Explaining a simple OR function
This notebook examines what it looks like to explain an OR function using SHAP values. Through this example, we understand how changing the background distribution affects the explanations you obtain from your TreeExplainer.
It is based on a simple example with two features is_young
and is_female
, roughly motivated by the Titanic survival dataset where women and children were given priority during the evacuation and so were more likely to survive. In this simulated example, this effect is taken to the extreme, where all children and women survive and no adult men survive.
[1]:
import numpy as np
import pandas as pd
import xgboost
from IPython.display import display
import shap
rng = np.random.default_rng(42)
Create a dataset following an OR function
[2]:
N = 40_000
M = 2
# randomly create binary features for `is_young` and `is_female`
X = (rng.standard_normal(size=(N, 2)) > 0) * 1
X = pd.DataFrame(X, columns=["is_young", "is_female"])
# force the first sample to be a young boy
X.loc[0, :] = [1, 0]
display(X.head(3))
# you survive (y=1) only if you are young or female
y = ((X.loc[:, "is_young"] + X.loc[:, "is_female"]).to_numpy() > 0) * 1
is_young | is_female | |
---|---|---|
0 | 1 | 0 |
1 | 1 | 1 |
2 | 0 | 0 |
Train an XGBoost model to mimic this OR function
[3]:
model = xgboost.XGBRegressor(n_estimators=100, learning_rate=0.1, random_state=3)
model.fit(X, y)
model.predict(X)
[3]:
array([9.9998671e-01, 9.9998671e-01, 1.3295135e-05, ..., 9.9998671e-01,
9.9998671e-01, 9.9998671e-01], dtype=float32)

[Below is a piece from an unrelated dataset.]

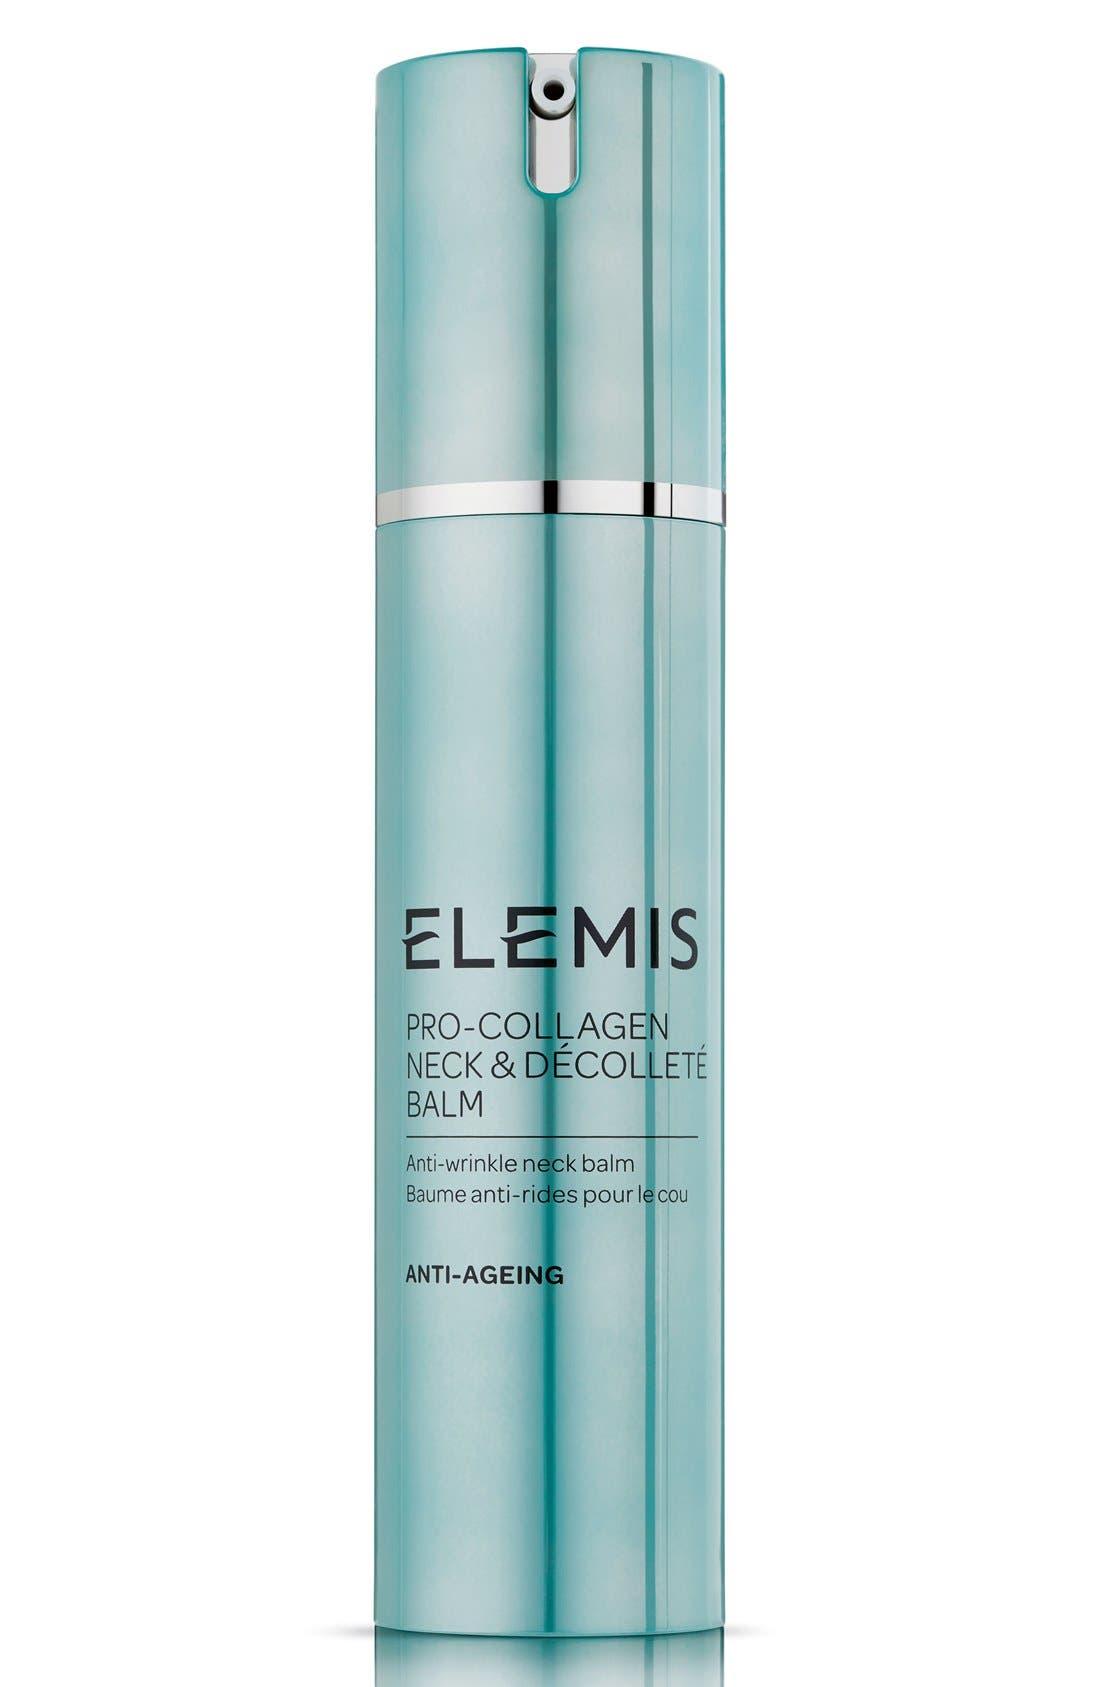 Elemis 'Pro-Collagen' Neck & Décolleté Balm

Explain the prediction for a young boy
Using the training set for the background distribution
Note that in the example explanation below, is_young = True
has a positive value (meaning it increases the model output, and hence the prediction of survival), while is_female = False
has a negative value (meaning it decreases the model output). While one could argue that is_female = False
should have no impact because we already know that the person is young, SHAP values account for the impact a feature has even when we don’t necessarily know the other features, which is why
is_female = False
still has a negative impact on the prediction.
[4]:
explainer = shap.TreeExplainer(model, X, feature_perturbation="interventional")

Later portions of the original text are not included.